## [Assignment]
Restate, word for word and with no pictures, the stretch of lines in the data below that begins at the line with "Grand Funk Railroad" and ends at the line with "Ataque. Dos hombres", inclusive.

## [Input material]
● ● ● ●

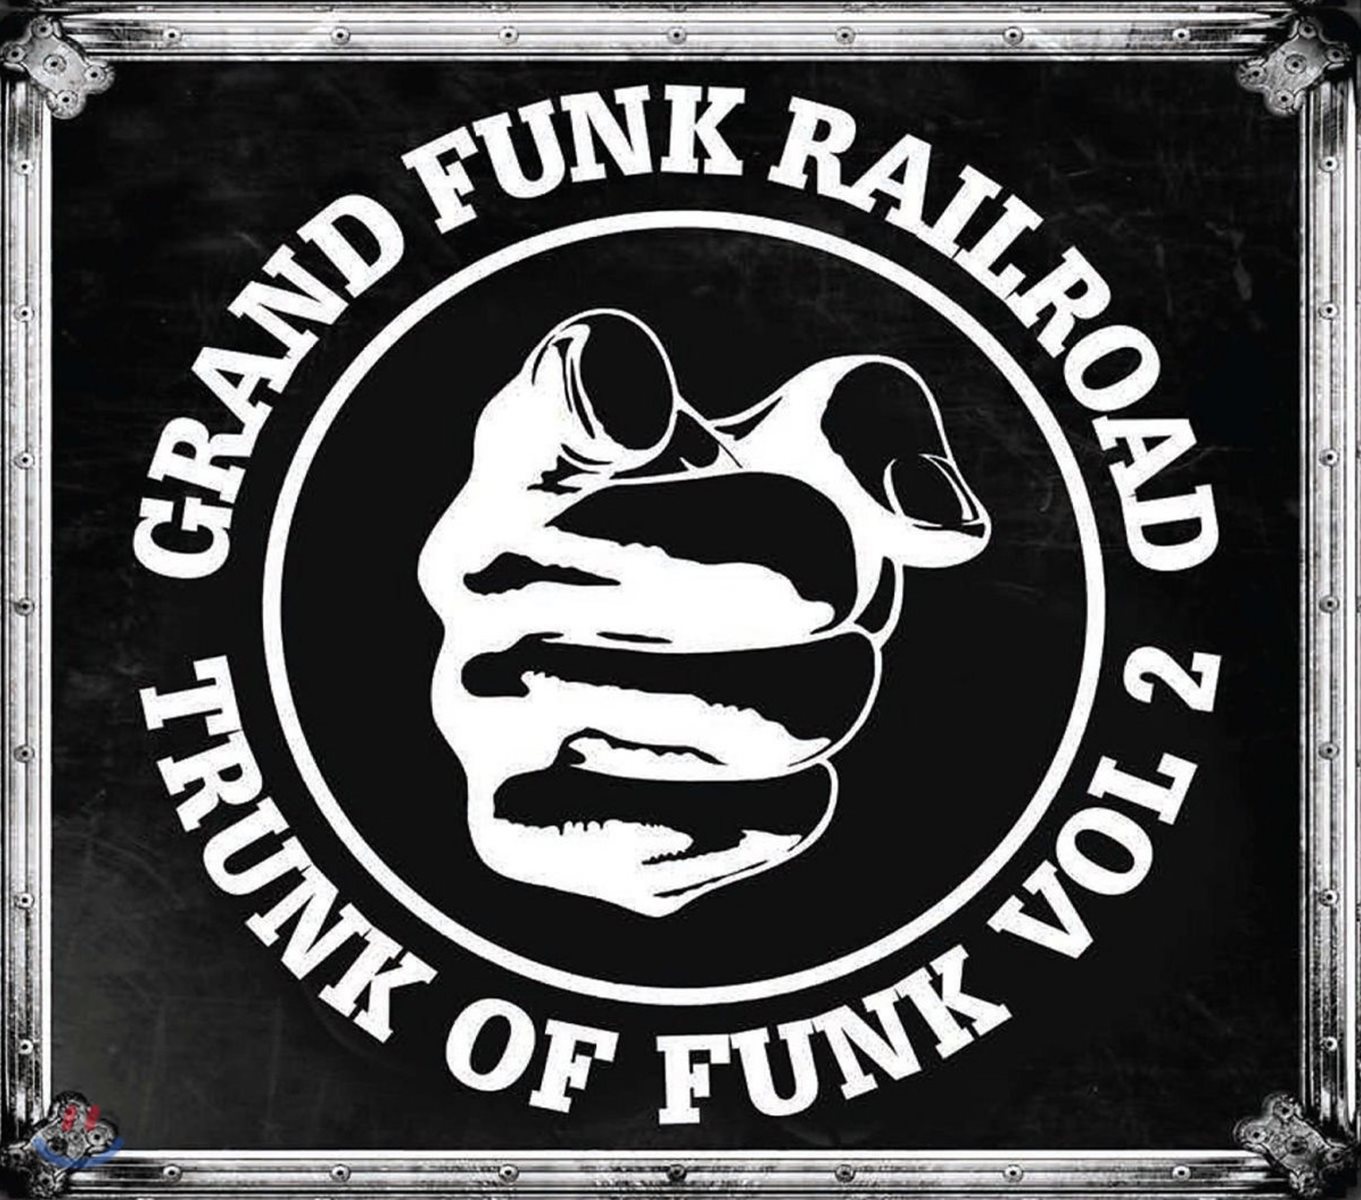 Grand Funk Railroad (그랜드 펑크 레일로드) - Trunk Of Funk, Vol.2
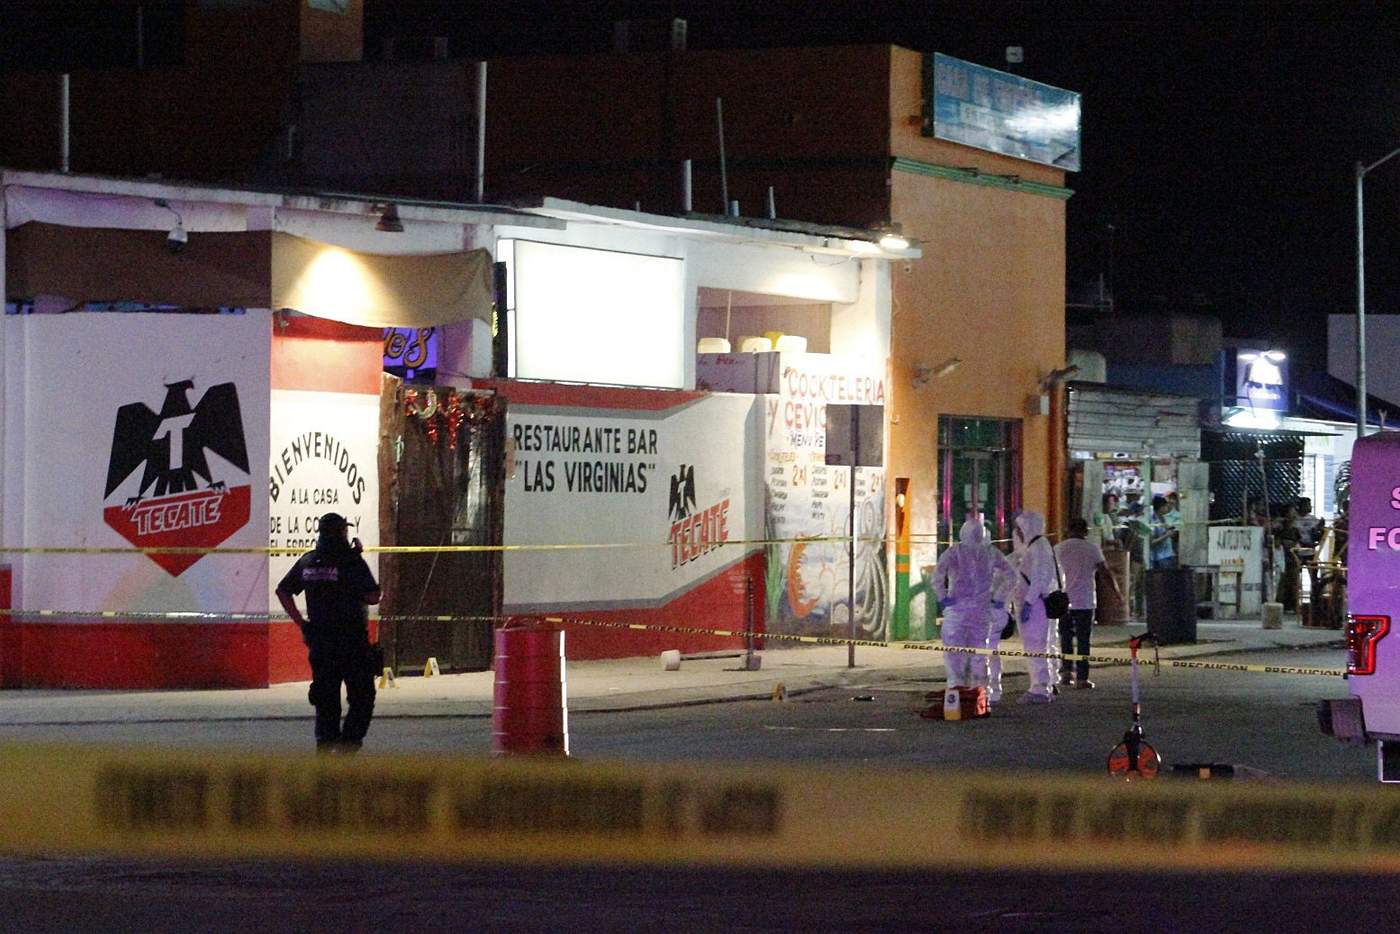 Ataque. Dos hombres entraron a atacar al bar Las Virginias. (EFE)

● ● ● ●

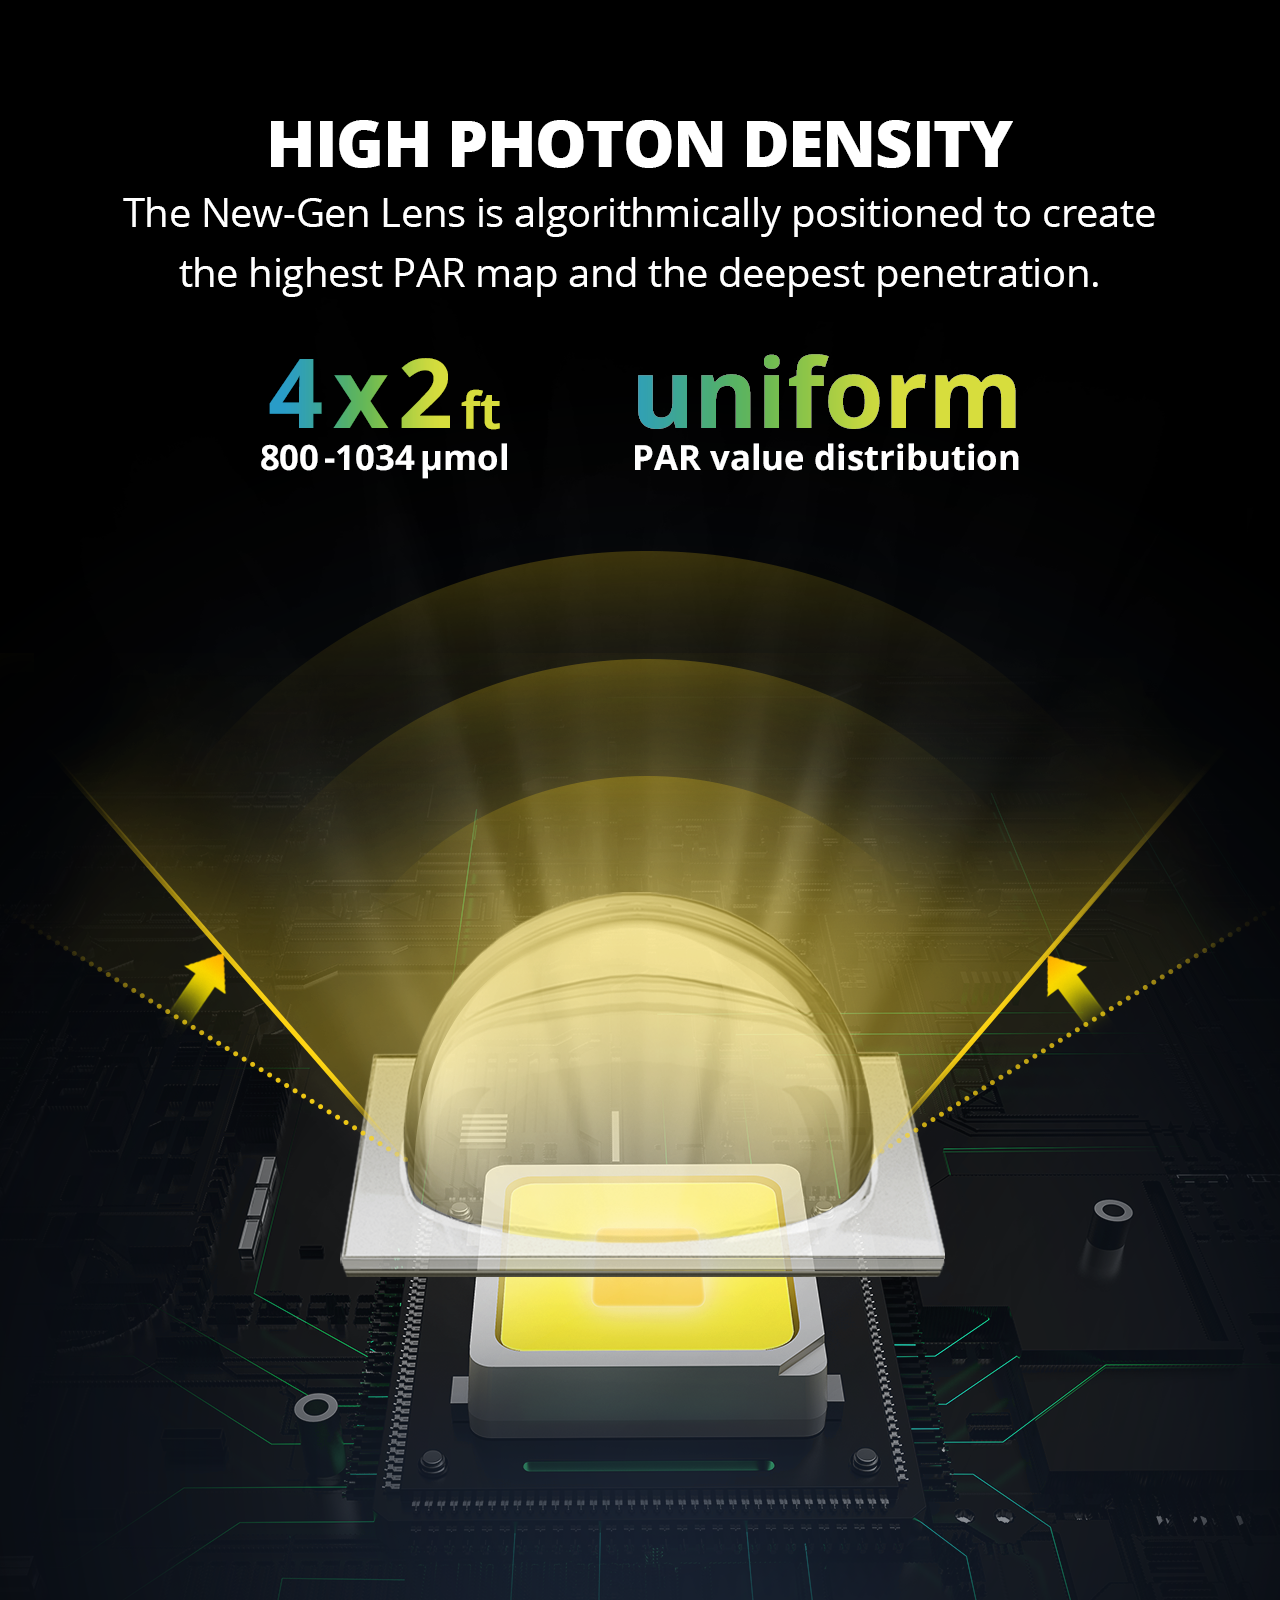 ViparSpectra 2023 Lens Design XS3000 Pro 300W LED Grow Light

● ● ● ●

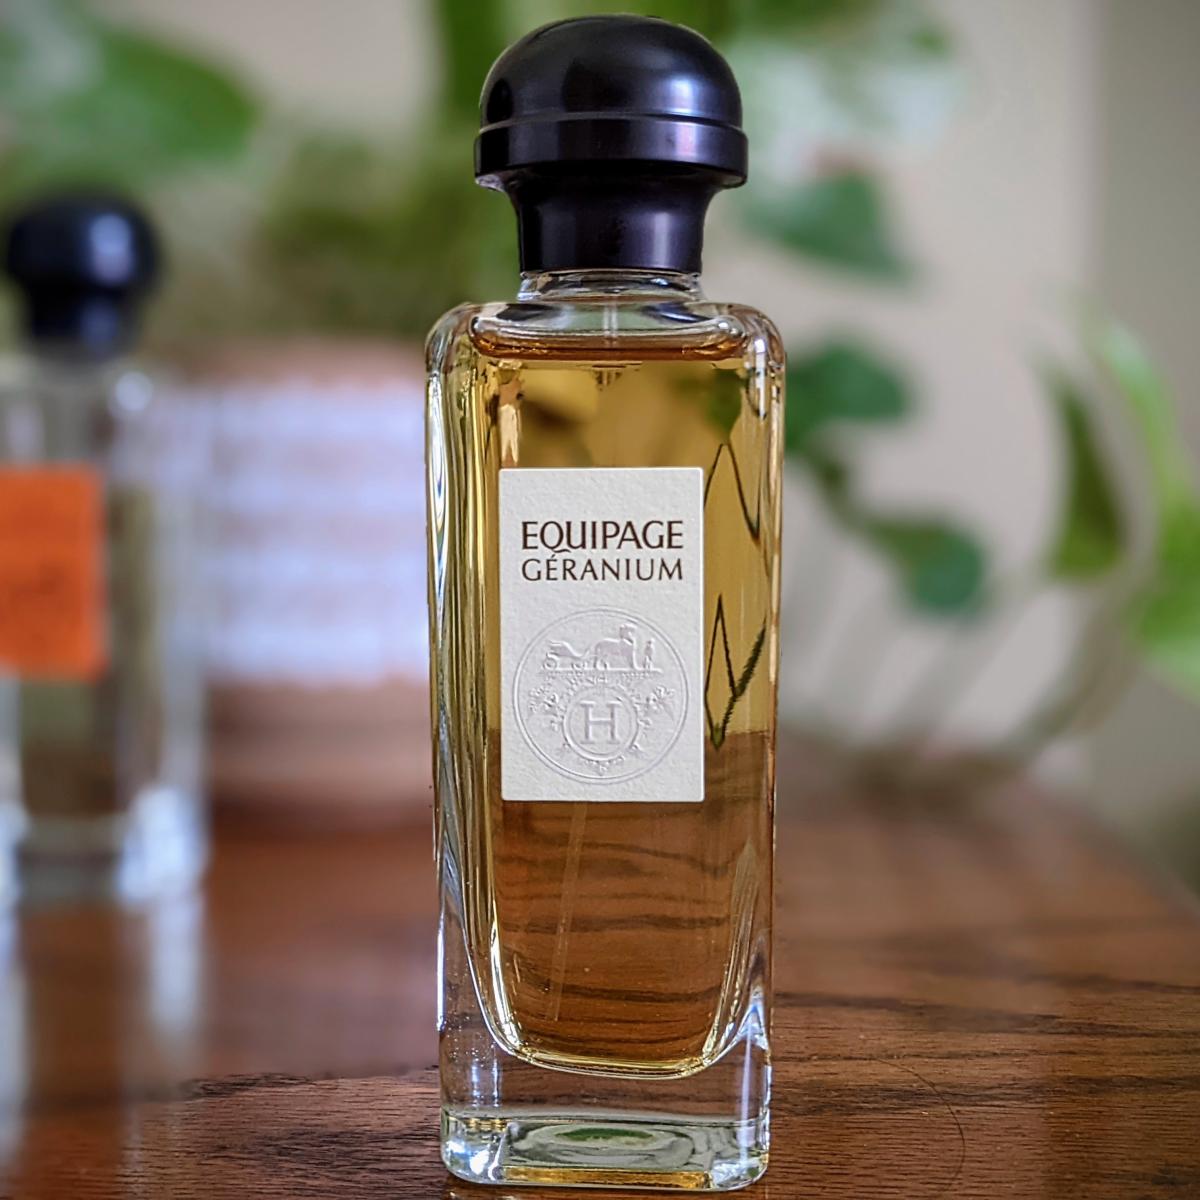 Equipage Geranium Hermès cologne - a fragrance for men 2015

● ● ● ●

## [Completed task]
 Grand Funk Railroad (그랜드 펑크 레일로드) - Trunk Of Funk, Vol.2
 Ataque. Dos hombres entraron a atacar al bar Las Virginias. (EFE)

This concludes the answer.